Something that can be dangerous when grossly misused can be outright banned.
Unless it's a weapon
I have 7 sets of them. Well... technically about 6.7 sets. It's hard not to lose one here or there when you play with them nearly daily. I'm just glad that I got them now, before the ban... they are my third favorite toy, behind my computer and my phone. I make bracelets out of multiple colors as transient art (lost as soon as they stretch out and get rearranged), play with them on my desk, and use them as temporary tie tacks if I leave my mine at home.
Yes, tie tack. Don't knock it, it works!
"I will trust Google to 'do no evil' until the founders no longer run it." Hello Alphabet.

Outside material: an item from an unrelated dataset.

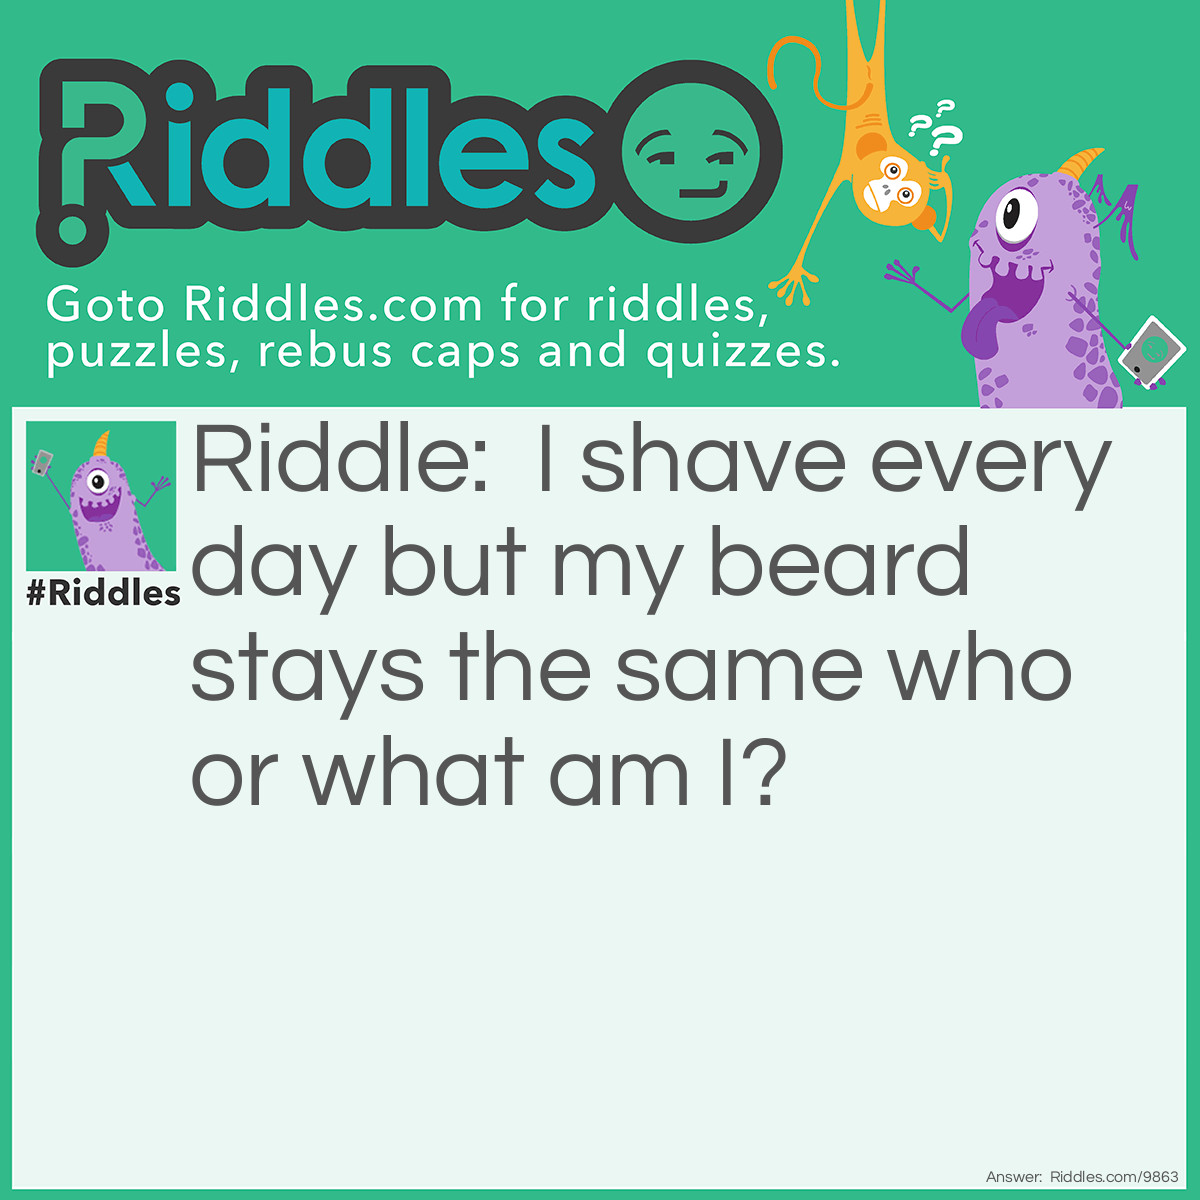 Riddle: I shave every day but my beard stays the same who or what am I? Answer: "A barber!"

The article states that dozens of children have swallowed the magnets and 12 required surgery. There are over 60M children age 14 and younger in the US. Isn't this a bit of an over-reaction? I'm curious as to how many children have had problems after swalling coins and other items that people may have on their desk (ie paper clips, thumb tacks, etc.)?
Seems the shootings in Colorado hurt a lot more people, but for some reason, they haven't banned the sale of bullets.
Looks like I'll just have to get my kid Lawn Darts for Christmas instead.
How about a ban on stupid trailer-park dumbass kids who ruin it for the rest of us?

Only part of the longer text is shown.